From here the path took us on a very muddy track across a golf course – so muddy in fact that we left the track and walked on the grass on the other side of the fence (taking great care of course to keep off of the fairways and greens and out of the way of the golfers). Normally I enjoy walking on golf courses, but this one was less attractive than most and I was tired! I was glad to eventually emerge into grassy fields on the other side.

Here the Cotswold Way presented us with one final stunning view – and it was by far the best and most surprising of the day. Going over a slight crest in the field, suddenly a spectacular vista across the Severn valley to the north revealed itself to us. There was also a trig point (this one 235m high and marking a hill called Hanging Hill) set amongst the brambles; Jim the inveterate trig-bagger let out a whoop of joy and rushed forward to make a tricky but eventually successful ascent.

Just beyond the trig point was a red metal flag and an information board. This north-facing escarpment was the site of the Battle of Lansdown where, during the English Civil War, parliamentarian troops at the crest of the hill fought off a Royalist attempt to take the city of Bath. Looking down the steep slopes, we felt that the Parliamentarians had a strong ally in the landscape hereabouts – I wouldn’t fancy trying to ascend these slopes normally, let alone under fire and in full battle dress!

We followed the red flags along the crest of a hill beneath the fences surrounding a modern radio mast. The path briefly joined the drive to the radio station, and then followed a path through a field parallel to the drive before emerging on the Lansdown road immediately opposite to where the car was parked. It was a curiously anticlimactic end to what had been an excellent and at times dramatic walk. The monument to Sir Bevill Granville (who died in the Battle of Lansdown) was visible a little way off on the other side of the road, but we would leave that to be explored on the next section of the Cotswold Way.

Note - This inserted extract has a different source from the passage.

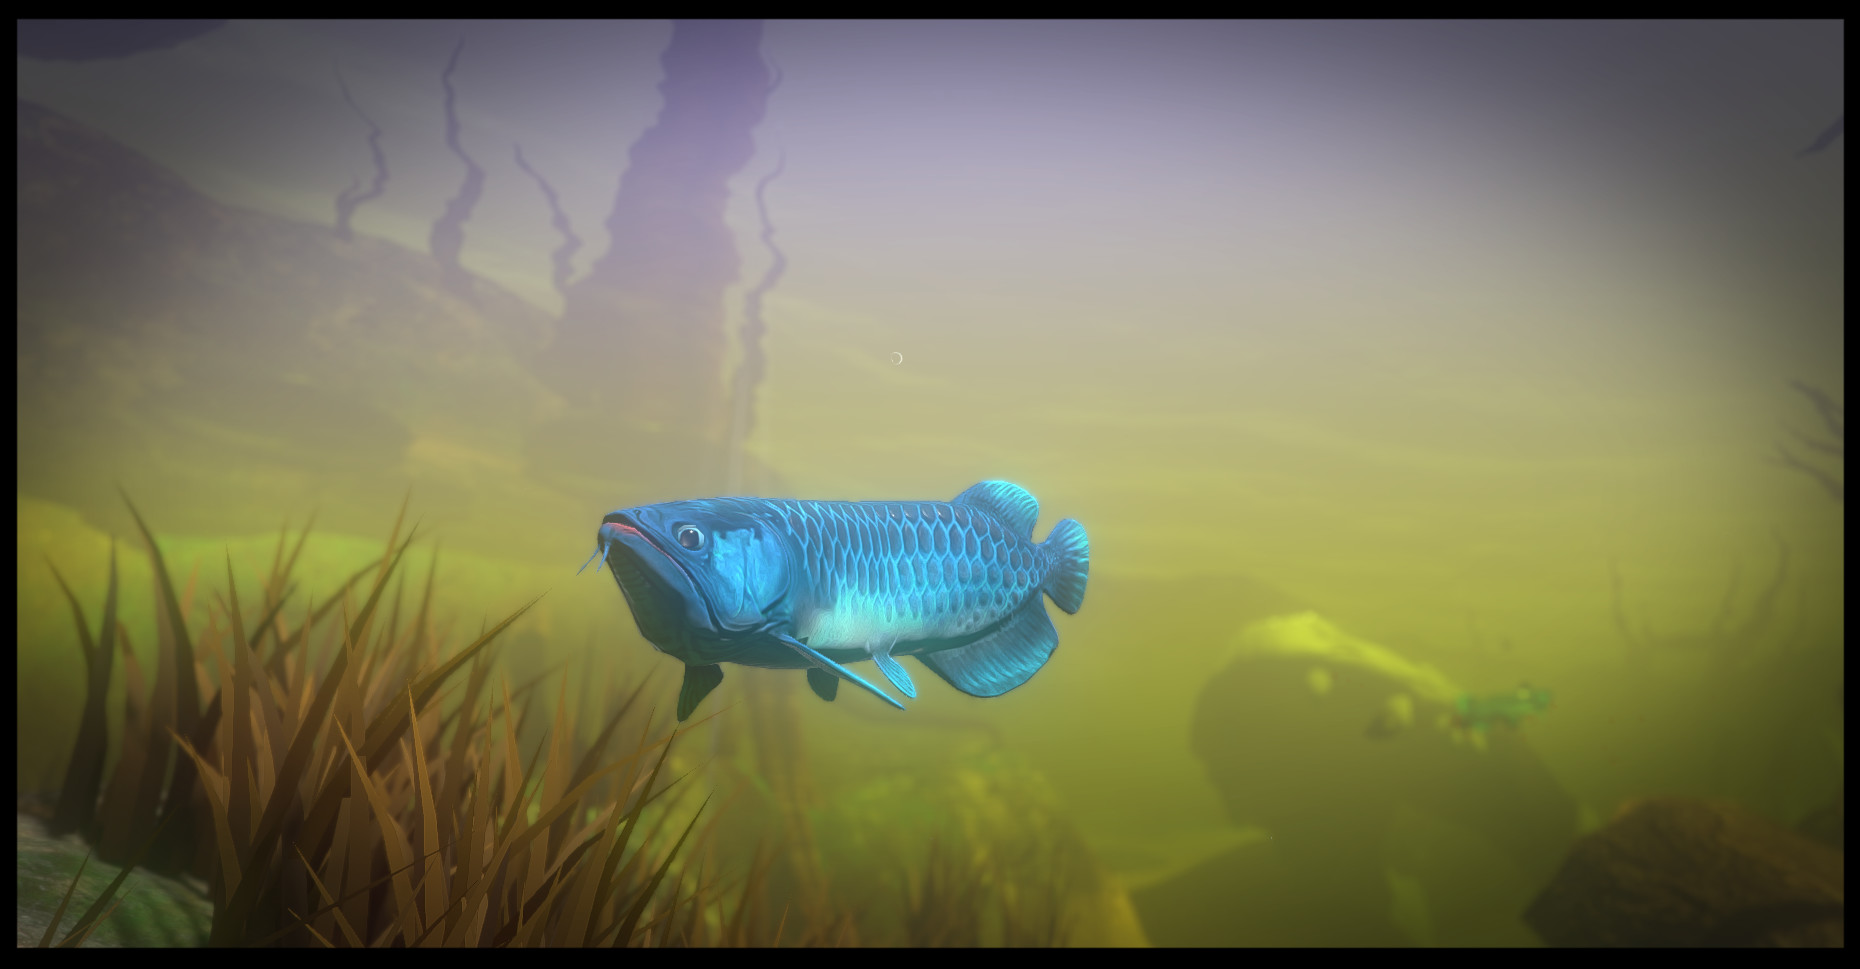 Feed And Grow Fish PC Version Full Game Free Download - Gaming Debates

When we got home, I was a little worried about the marilyn-baggers’ assertions that Prospect Stile was the highest point in Avon. Given their huge walking experience I felt that there was a good chance they could be right. It turned out that our records were correct – the highest point in Avon was on Niver Hill. Prospect Stile wasn’t the highest point of anything, but the marilyn-baggers were close to the truth. It turned out that the drive at the front of the radio mast was the highest point in the unitary authority of South Gloucestershire, at 237m. We had completed a county top by accident, although given that there was a radio mast there perhaps we should have guessed – radio masts have become a bit of a characteristic of recent county tops! This was a bit of a landmark county top, in that it meant we could colour in a line of completed counties all the way across England, from the east coast to the Severn Estuary!